Since surgical cases around the hospital have been delayed, Katie said surgical staff like herself have been deployed to other parts of the hospital. Before working in surgery, she worked in the emergency department for two years, so she is now on-call to rejoin the emergency department if staffing shortages require it.

“So far, I haven’t been needed in that capacity,” she said.

Like her husband, Katie has also been involved in virtual medicine. In an effort to limit exposure, she and her colleagues are performing post-op visits virtually, rather than in-person.

With so much unknown about the coming months and a post-COVID-19 world, the Andersons are managing under new circumstances.

“Like many people around the world, we are finding a new normal rhythm, learning how to provide virtual care to patients, learning how to be safe in public spaces and learning how to support one another and our community during this trying time,” said Jordan. “We both feel very humbled to be able to help care for and support our patients during this historic crisis, but there is also a very real fear and anxiety as we go to the hospital and worry about being exposed to the virus.”

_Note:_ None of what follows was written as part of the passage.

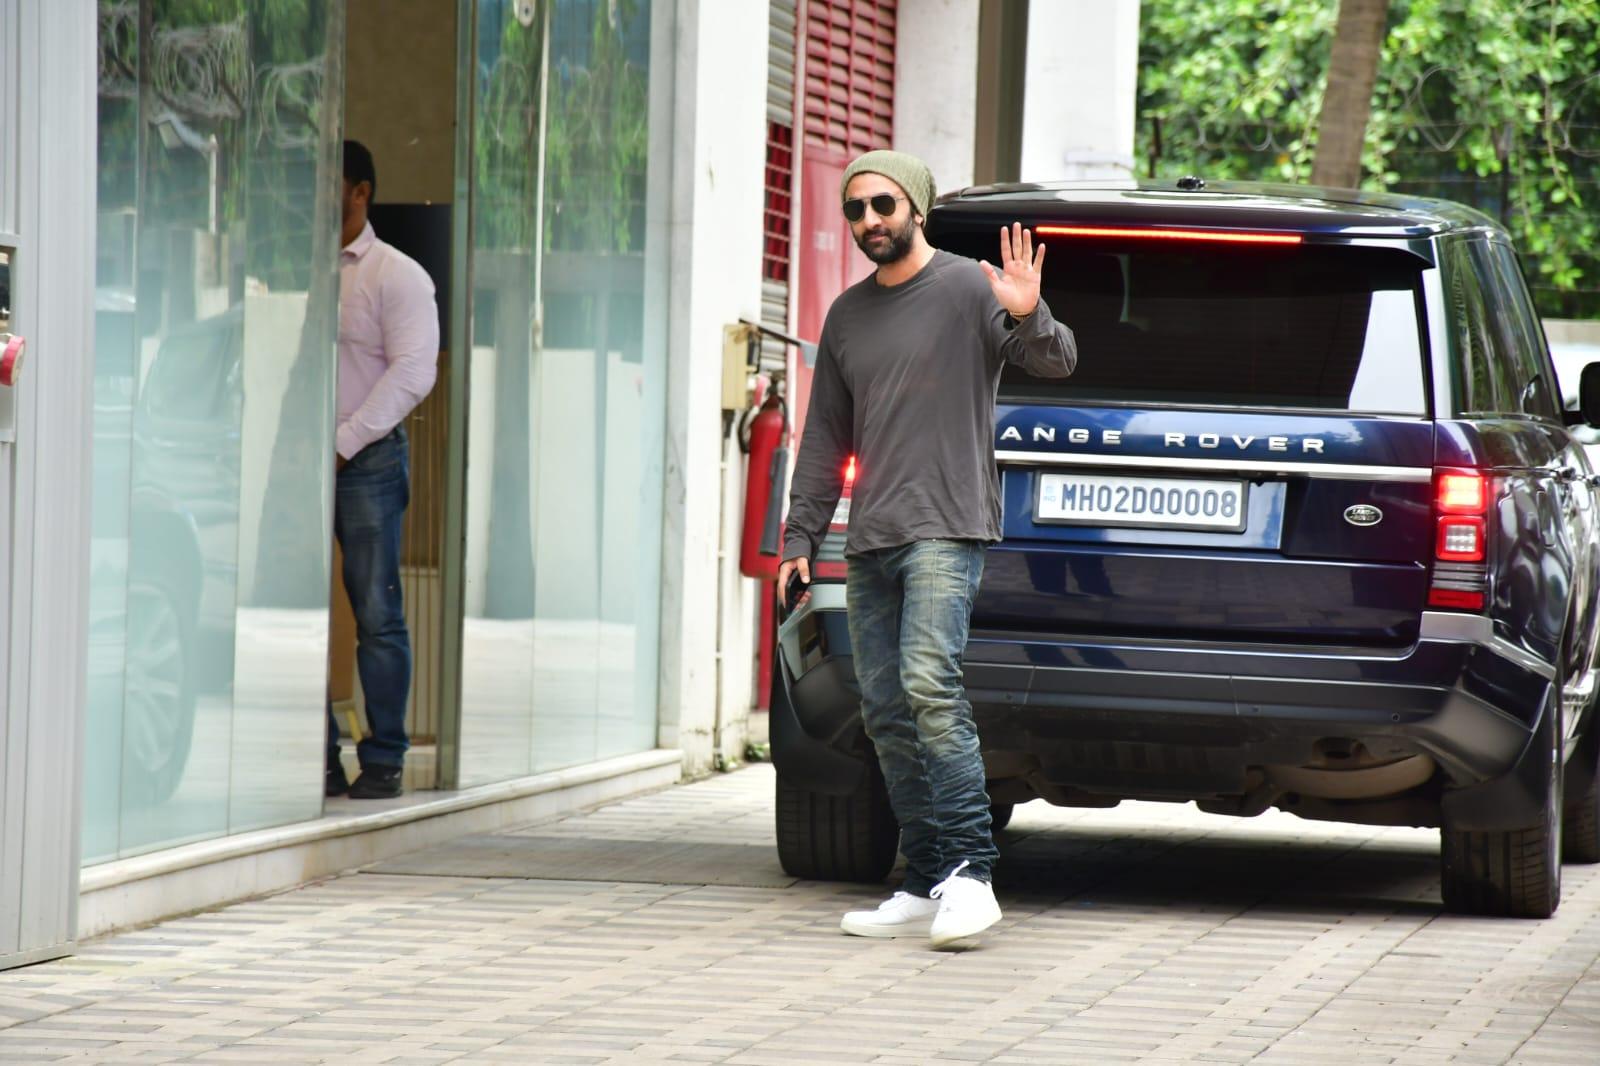 Ranbir graciously smiled and waved for the paparazzi who were in wait for him at the location

As Brigham and Women’s anticipates a continuation of COVID-19 cases for some time, Jordan will continue to work in the hospital on COVID hospital floors and intensive care units, while Katie will be going back to the operating room in the coming weeks to begin operating on the growing backlog of patients waiting for their cancer surgery.

“For now, we are trying to take it one day at a time, finding immense joy and inspiration in Rowan and his big smiles,” Jordan said. “We look forward to a time in the uncertain future when this will all be behind us and Rowan can meet the rest of his family and hopefully travel to Auburn for a football game and see where his parents met.”